Friday, May 20, 2011

Bowie to Bowie

A man gets thrown against a wall and onto the sidewalk by two unarmed policemen.  Police in much of Europe do not carry guns or Tasers, they just knock the shit out of you old school.  I cross the street and snap a photo while moving down to the next bar with some college students that just finished their exams.  It’s an unfortunately slow night throughout Dublin.  The bar we go to is named Coppers, and most of the patrons are either nurses or cops.  The cops are all working overtime for the Queen’s visit.  I leave the fellas at the next bar and try to find my way back to the Pub where I left my hoodie; I'm not quite resigned to giving it up yet.  I find a wool blanket on the street and pick it up; fate.  Why not just sleep in the street?  The city is on lockdown anyway and most Hostels are filled-up.  I find my hoodie then stop for a beer on the sidewalk with a group of homeless men.  We discuss homelessness, sleeping outside and fear of the police.  One gets a phone call.  There's a huge protest across town where the Queen had laid a wreath earlier.  I hoof-it at lightning speed; the thrill of a righteous protest is exhilarating.  I approach the park.  Distant sirens are heard.  I see a few uniformed officers, but my search for youth on the streets is in vain.  The phone call is likely a prank, or misinformed, no one is there.  The days of protests occurred before I reached Dublin by train.  Others are likely to occur, but no one can ever get within a mile of the Queen.  I take my blanket and find a bush; my luck is good, it doesn't rain.

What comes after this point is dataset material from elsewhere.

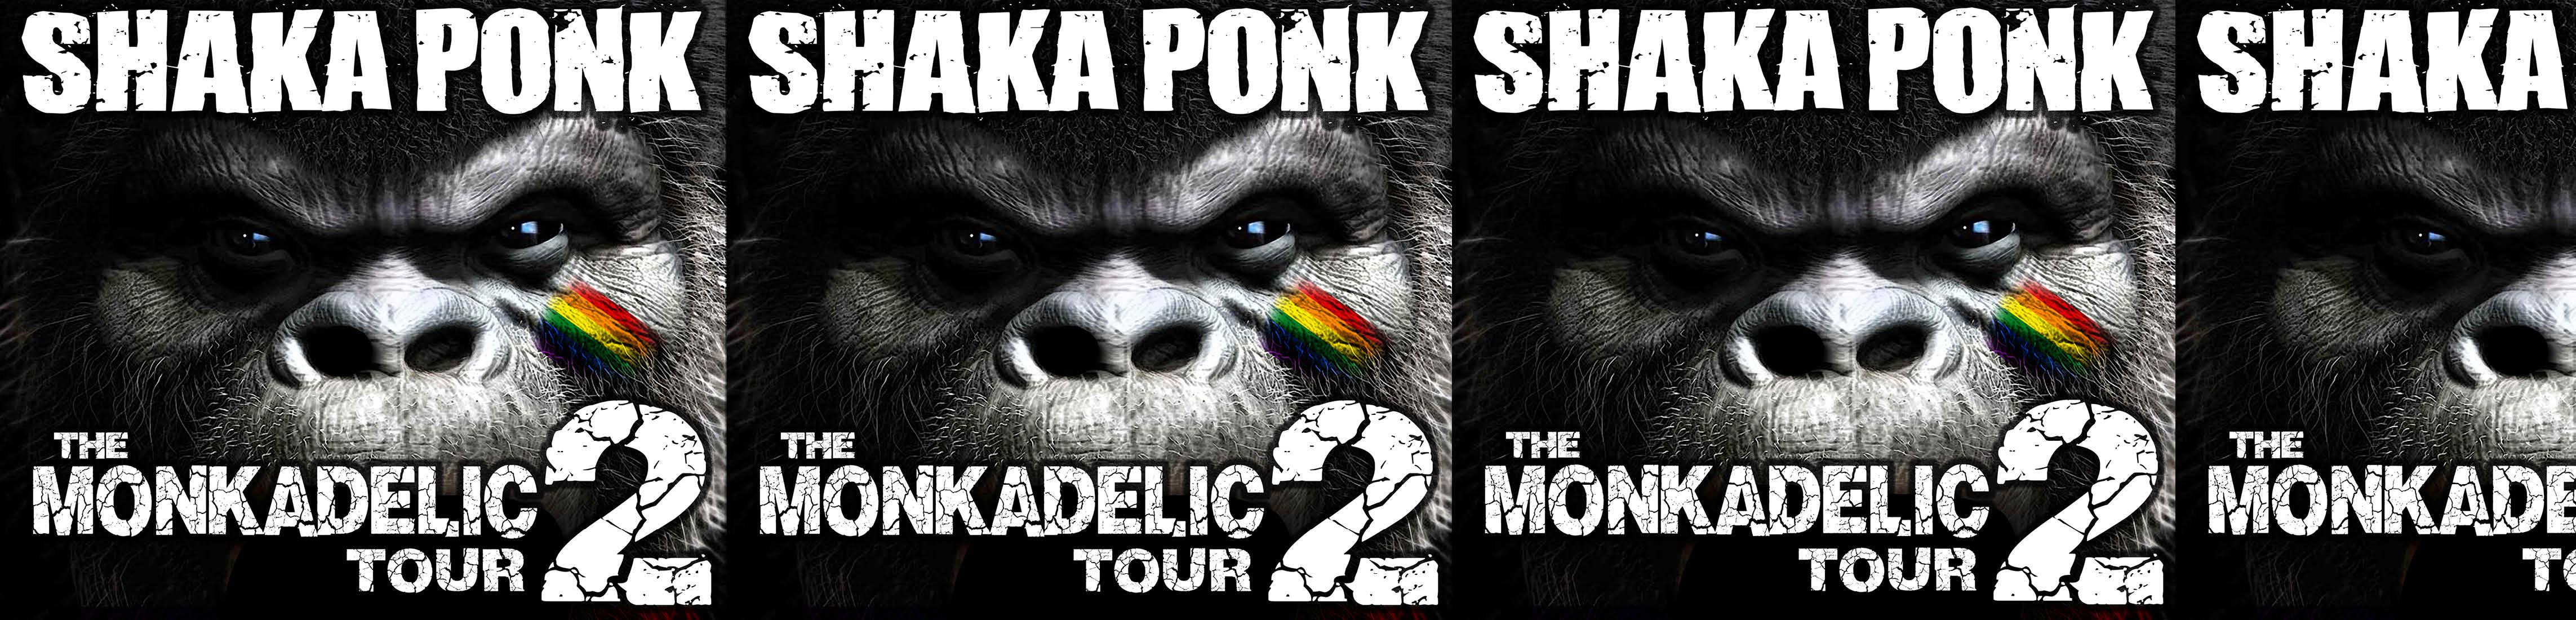 Shaka-Ponk-3

They're spending millions on the cost of the Queen’s visit.  Bombs have been found on busses.  There are constantly helicopters hovering over the city.  It’s all a show of intimidation.  The police are everywhere, blocking alleyways and standing on street corners.  I've seen female officers in pants 4-sizes too large.  Perhaps they're cadets!  Every manhole cover and utility hatch in the sidewalk has been welded shut to prevent the placement of bombs.  At least the cost of the Queens visit is less than the royal wedding.

I've found a few very Portlandia bars in Dublin.  They serve their own house lager and have an extensive organic menu during the day, with many vegetarian options.  At night they have live music on three floors.  One of the bands is a two piece group, one on guitar, the other on drums.  The drummer has braces.  They play all original songs in a Bowie fashion.  Their music is loud.  Actually, many of their songs are about David Bowie.  They dress like the clash and together can't weigh more than 220 lbs.  At the end of their set, the singer strikes the symbols with his guitar, distorts his amplifier, and drops his instrument onto the stage floor.